About this task: All lines from the one containing "Best 25 wedding" down to the one containing "984 (Part B)", both ends included, are to be given again exactly; omit the rest of the listing below.

Data under study:
↓
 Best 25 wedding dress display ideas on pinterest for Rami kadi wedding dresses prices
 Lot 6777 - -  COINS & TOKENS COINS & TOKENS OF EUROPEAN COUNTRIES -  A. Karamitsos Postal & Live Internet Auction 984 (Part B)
↑
↓
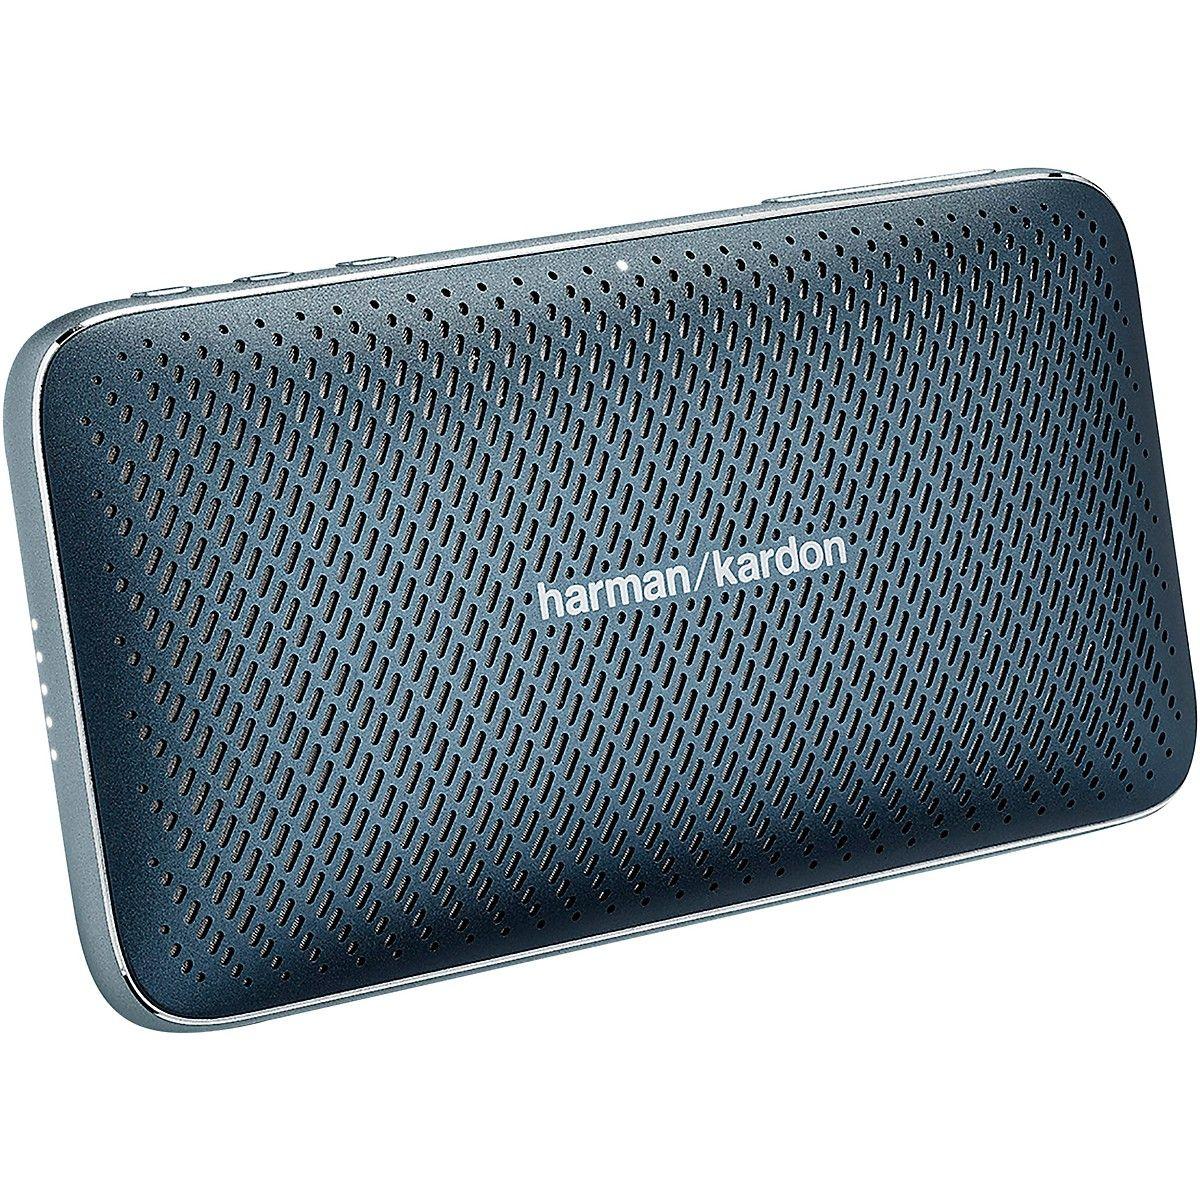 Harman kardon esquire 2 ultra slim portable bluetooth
↑
↓
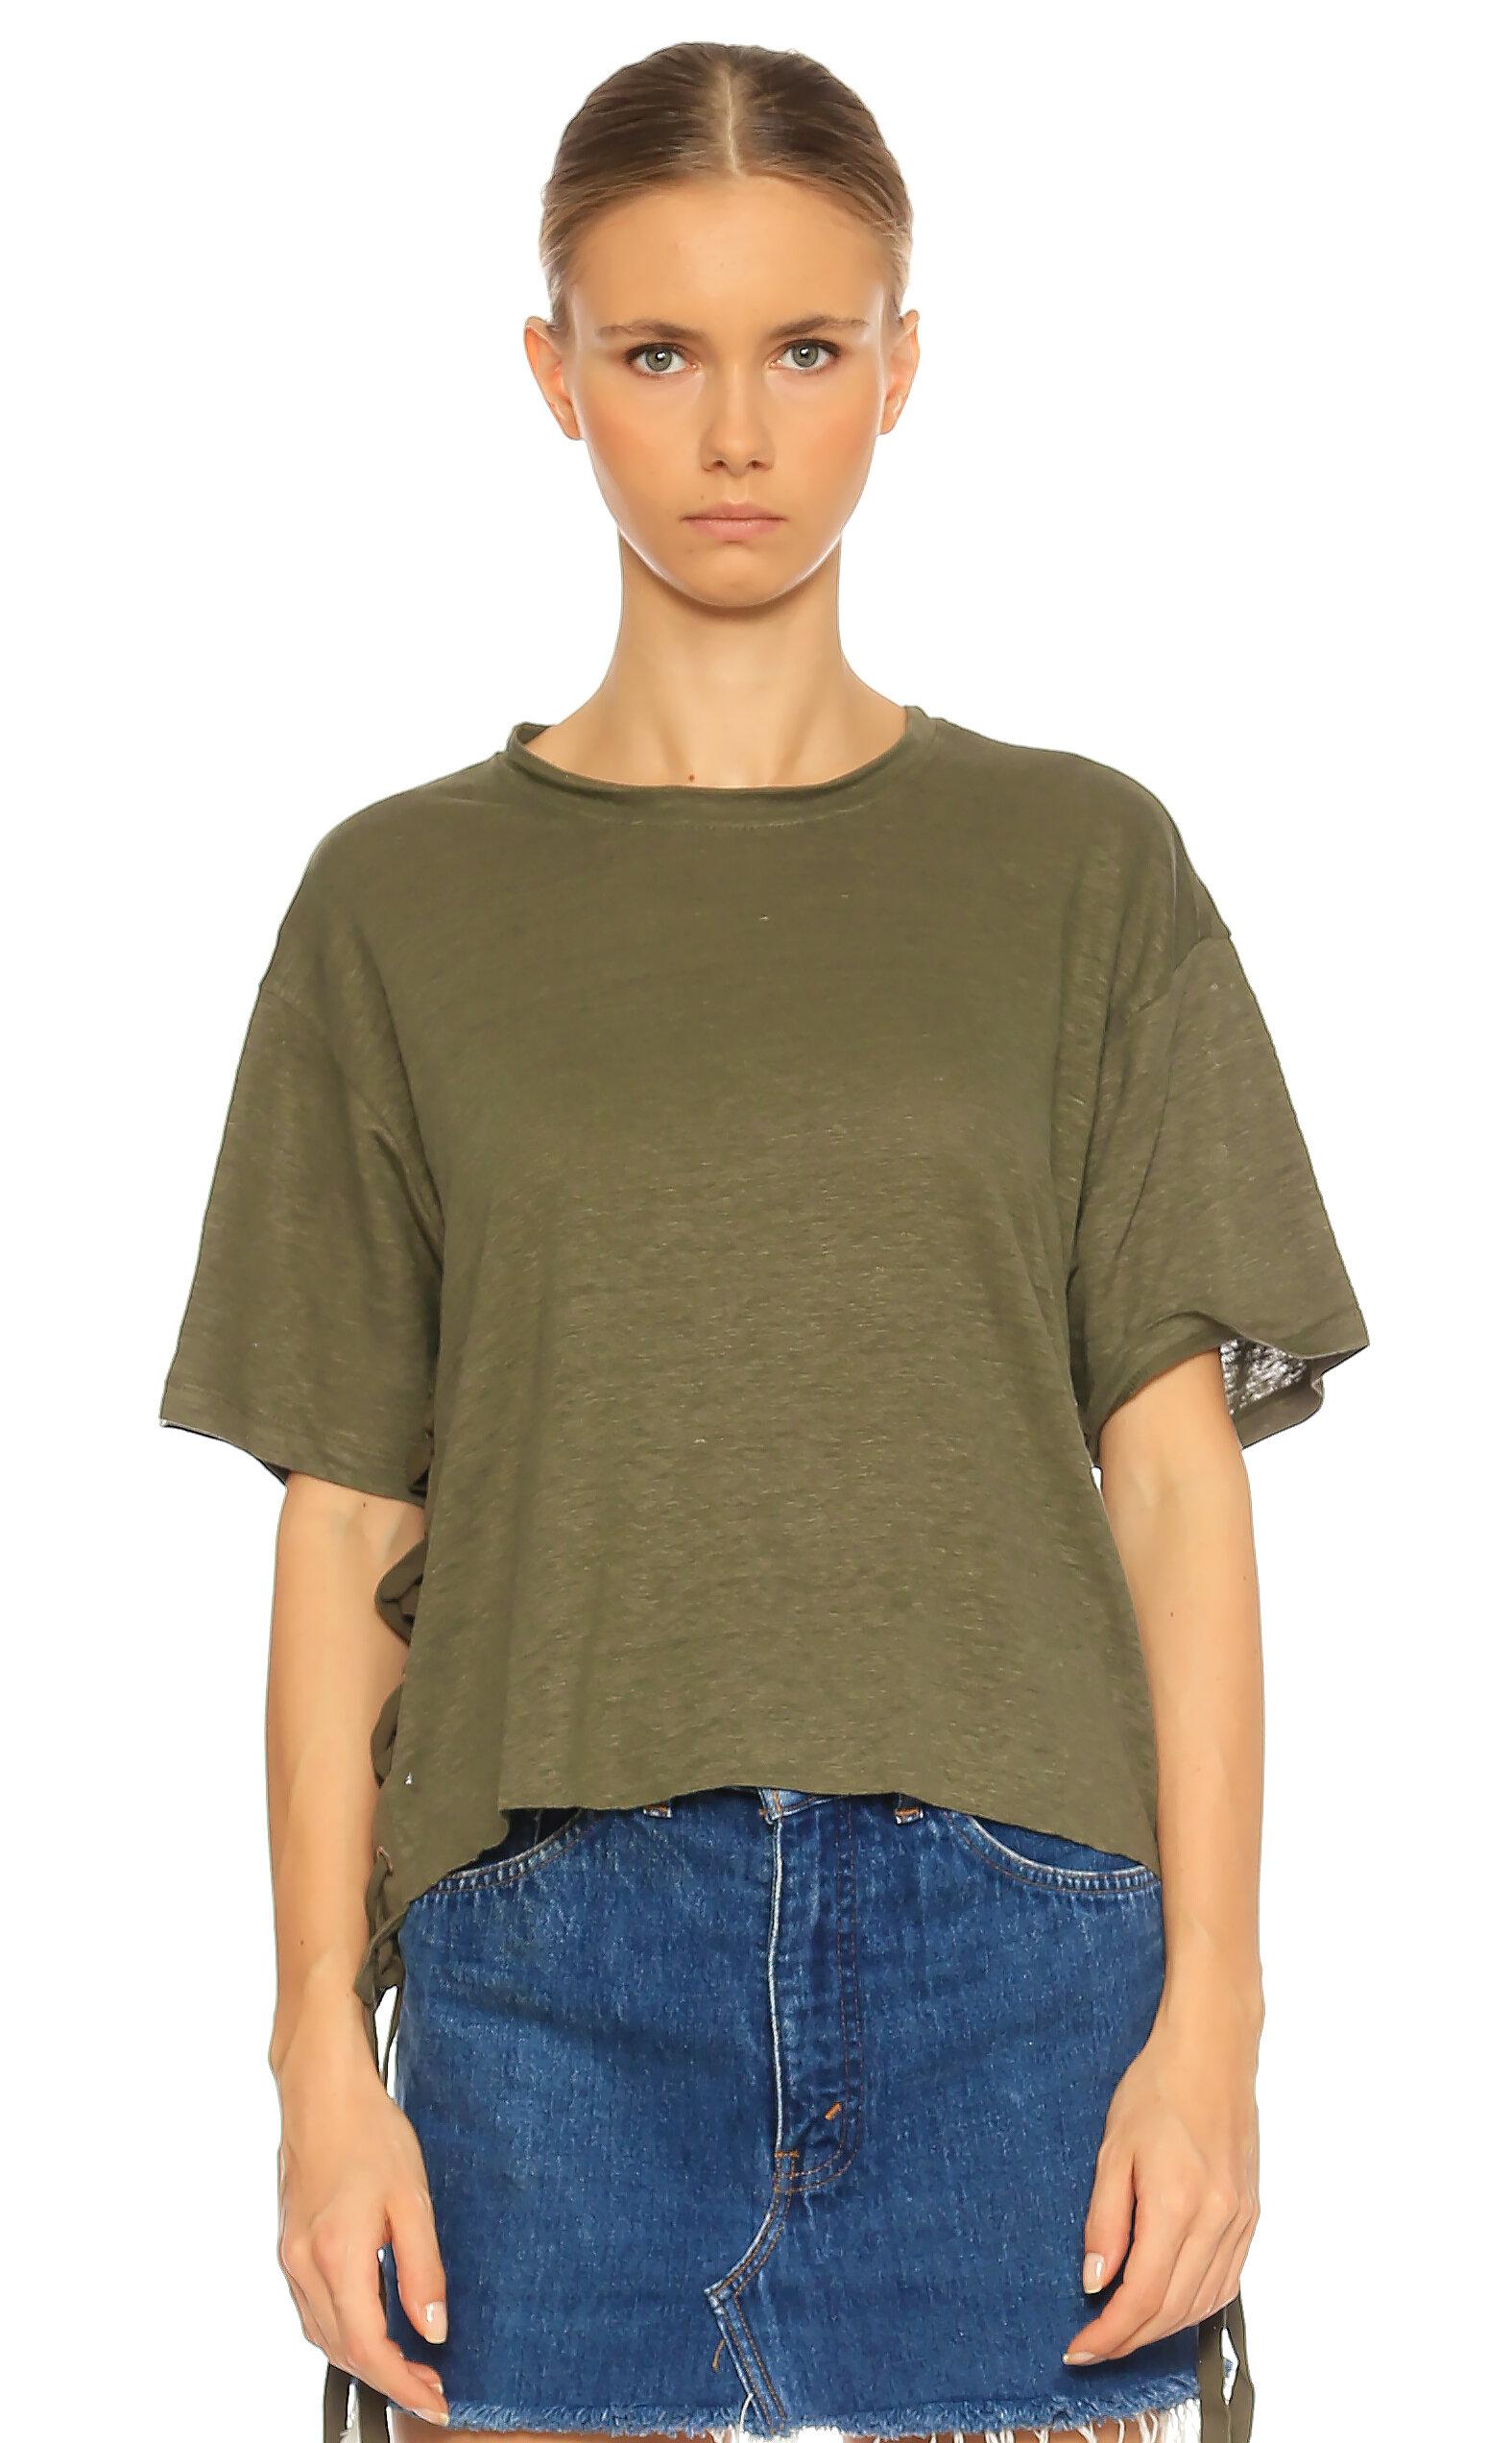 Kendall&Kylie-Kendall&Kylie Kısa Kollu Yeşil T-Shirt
↑
Answer box:
 Best 25 wedding dress display ideas on pinterest for Rami kadi wedding dresses prices
 Lot 6777 - -  COINS & TOKENS COINS & TOKENS OF EUROPEAN COUNTRIES -  A. Karamitsos Postal & Live Internet Auction 984 (Part B)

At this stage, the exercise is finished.